Sanford warns residents about deadly generator fumes after outages
After storms, Sanford families turn to generators for food, light and fans, but city leaders warn that one wrong placement can turn exhaust into a lethal threat.

When the power goes out in Sanford, a portable generator can keep a refrigerator cold, fans moving and phones charged. It can also fill a home with invisible carbon monoxide if it sits too close to a door, window or porch.
That warning sat at the center of the City of Sanford’s May 27 safety article on the “20-foot rule,” a basic standard meant to keep generator exhaust away from homes, garages and other occupied spaces. The city’s message was clear: generator fumes are not just a nuisance. If they drift into a house, carport, porch or other partially enclosed area, they can create a deadly indoor-air hazard.

The timing mattered. The U.S. Consumer Product Safety Commission issued a May 27 hurricane-season alert saying portable generators are among the leading causes of post-storm carbon monoxide deaths. The agency said generators should be run outdoors only, at least 20 feet from homes and buildings, with exhaust pointed away from windows, doors and vents.
That distance is where many people go wrong after a storm. A generator parked in a garage, tucked under a carport, set on a porch or placed beside an open window can send exhaust back toward the living space it was meant to protect. Sanford’s warning pushed residents to think ahead about placement, cord routing and ventilation before the next outage, when there may be no time for trial and error.

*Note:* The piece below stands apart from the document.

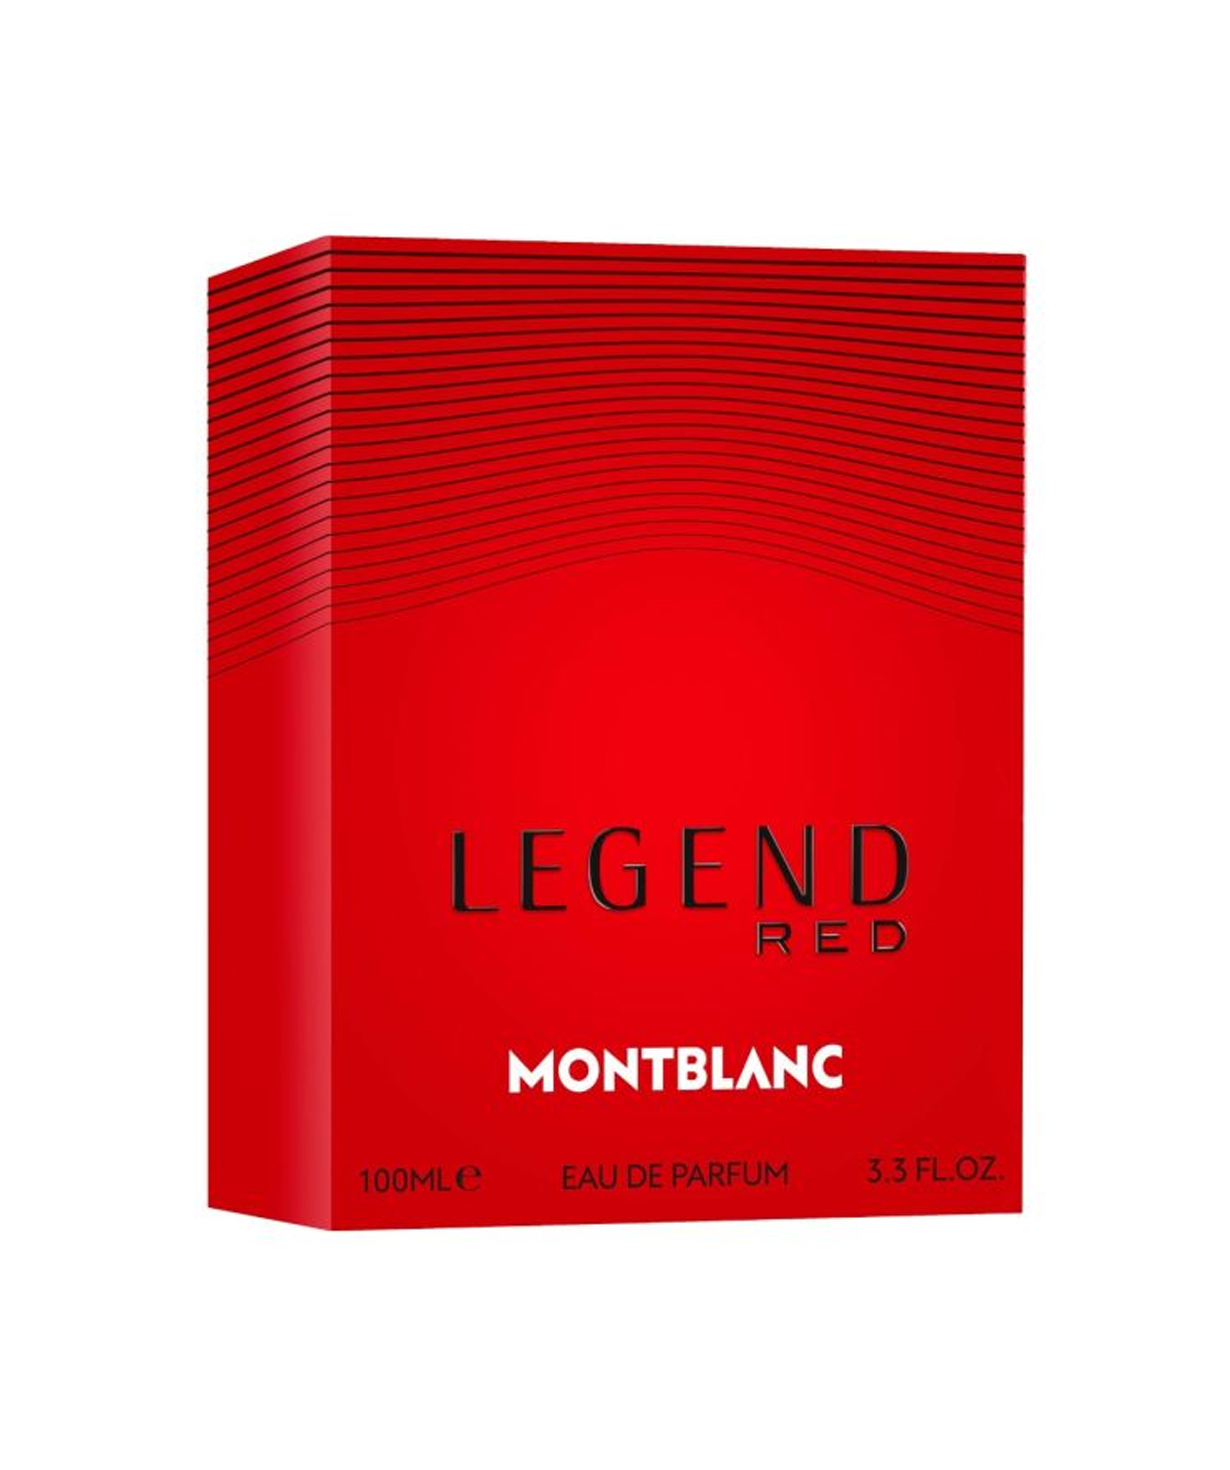 Perfume «Montblanc» Legend Red, for men, 100 ml

The risk is serious because carbon monoxide cannot be seen or smelled. The Centers for Disease Control and Prevention says the gas can cause sudden illness and death and is responsible for more than 400 unintentional deaths each year in the United States, along with more than 100,000 emergency-department visits and more than 14,000 hospitalizations. Florida’s Division of Emergency Management says improperly using a generator can result in loss of life or property, and the Florida Department of Health says generators are one of several common household sources of carbon monoxide.
The safety message also fits Seminole County’s recent experience. Seminole County Fire Department officials told WKMG News 6 ClickOrlando in October 2024 that crews frequently respond to improper generator use after storms. That same month, a Seminole County house fire was linked to poor generator maintenance on a unit supplying power to the home.
State guidance also recommends battery-operated or battery-backup carbon monoxide alarms near sleeping areas, and warns residents not to backfeed a home by plugging a generator into a wall outlet. Sanford’s reminder turned that advice into a local checklist for hurricane season: keep the machine outside, keep it 20 feet away, direct exhaust away from the house and make sure the setup does not put the family’s recovery at risk.